SAT Upholds Sebi Order Directing Sahara To Refund Investors Rs 14,106 Crore Raised Via OFCDs

SAT Upholds Sebi Order Directing Sahara To Refund Investors Rs 14,106 Crore Raised Via OFCDs

SAT has upheld the 2018 order of Sebi which directed Sahara India Commercial Corporation to refund about Rs 14,106 crore to investors. The amount was raised through OFCDs from nearly 1.98 crore investors. The appellate tribunal’s order said that the fundraising constituted a public issue which was in violation of securities laws

FPJ Web DeskUpdated: Tuesday, March 10, 2026, 05:52 PM IST
article-image

The Securities Appellate Tribunal (SAT) has upheld the 2018 order of Sebi (Securities and Exchange Board of India) which directed Sahara India Commercial Corporation (SICCL) and its directors to refund about Rs 14,106 crore to investors.

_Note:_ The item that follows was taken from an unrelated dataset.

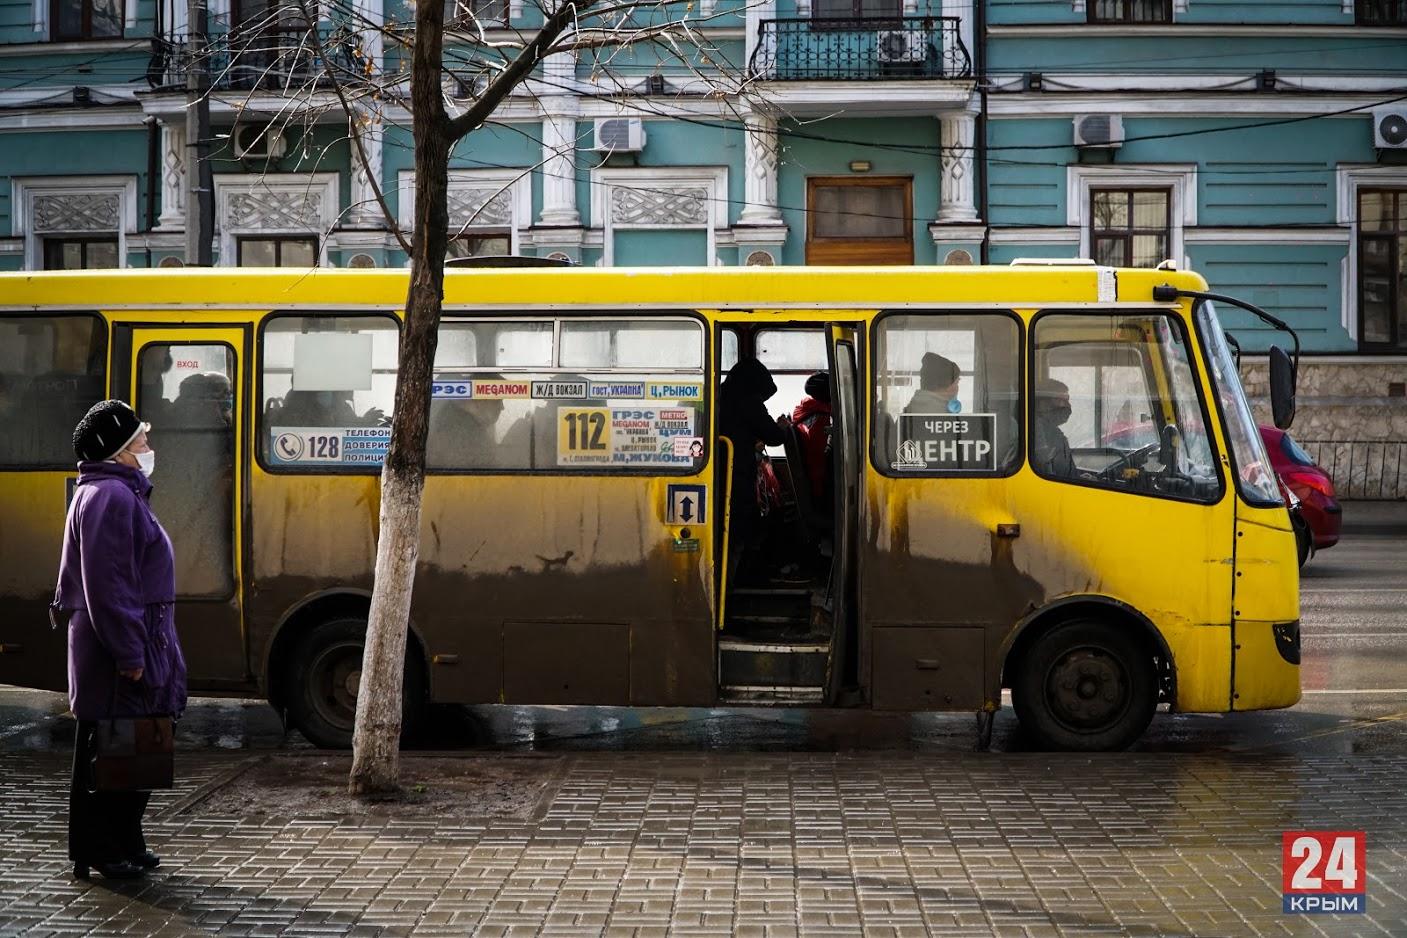 Около 25% крымчан пользуются банковскими картами в транспорте

The amount was raised through optionally fully convertible debentures (OFCDs) from nearly 1.98 crore investors. The Appellate Tribunal’s order said that the fundraising constituted a public issue which was in violation of securities laws.

The tribunal dismissed appeals filed against the Sebi order by the company and its directors. The Sebi order had also asked the company to disclose details of its inventory and debarred certain officials from accessing the securities market.

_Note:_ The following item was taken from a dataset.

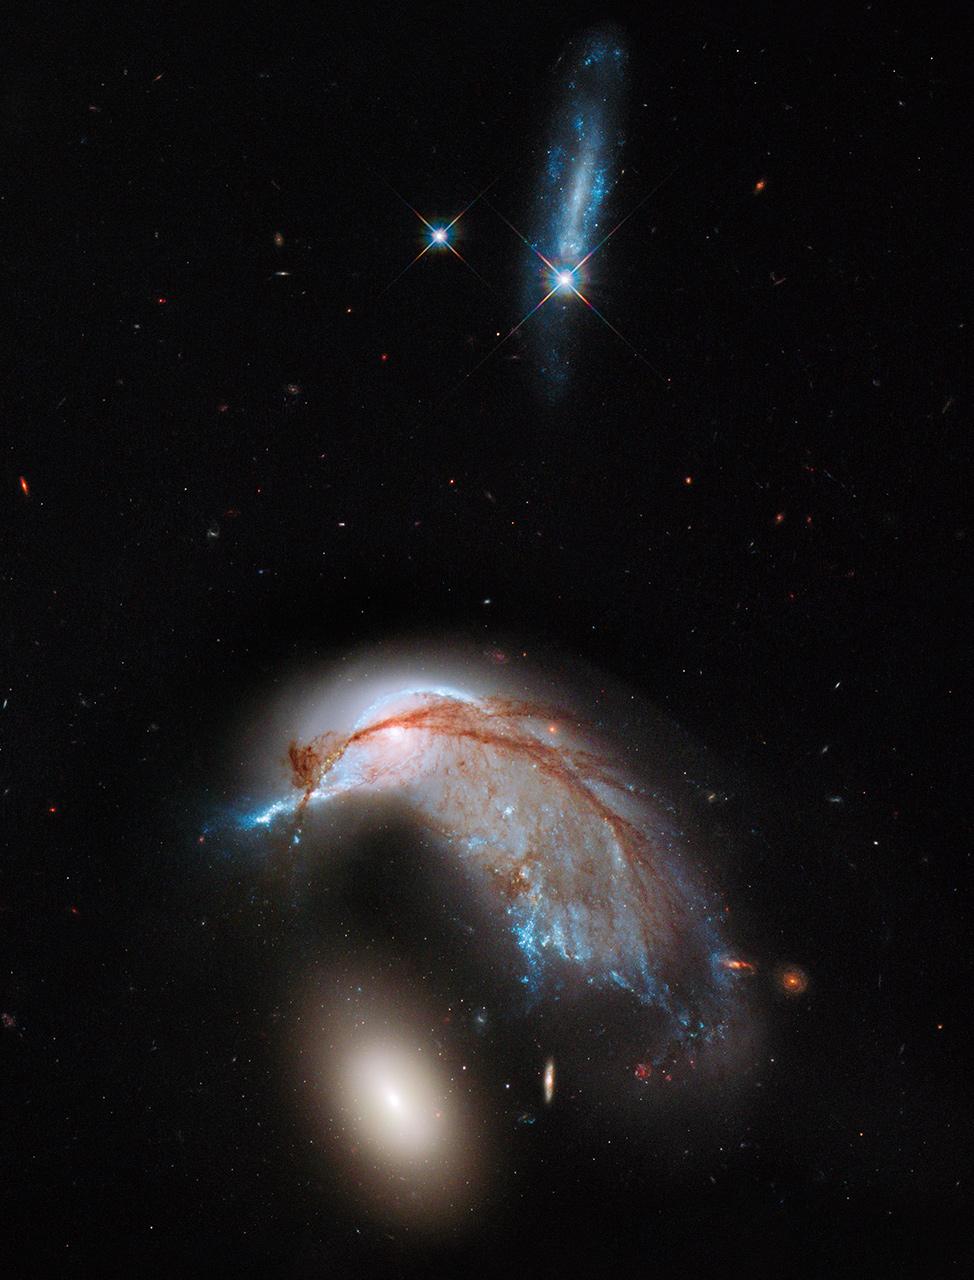 756581main_hubble_colliding_galaxies_full_full.jpg

The three-member SAT bench on Monday ruled that the OFCDs issued by SICCL between 1998 and 2008 constituted a public offer. This brought them within Sebi’s regulatory jurisdiction.

The company had claimed that the amount raised should be treated as a private placement. However, the tribunal said that such a large-scale mobilisation of funds from millions of investors could not be treated as a private placement.

It said that as per the amendments to the Companies Act in 2000, any offer made to 50 or more persons would be deemed a public issue. Hence, the company’s fundraise was required to comply with listing and disclosure norms applicable to public offerings.

The tribunal said that the company did not seek permission from stock exchanges. Neither did it obtain necessary regulatory approvals from Sebi. Hence, the securities markets regulator had the jurisdiction to regulate the issue and take enforcement action.

While the company claimed that most of the investors’ money had already been returned, the tribunal noted that it could not provide credible evidence of the same.

The company had submitted a chartered accountant’s certificate as proof of refunds, which the SAT found insufficient.

The tribunal also rejected the company’s claims that it suffered from Sebi’s delayed action. It said that the time taken was reasonable considering the large number of investors involved in the fundraise.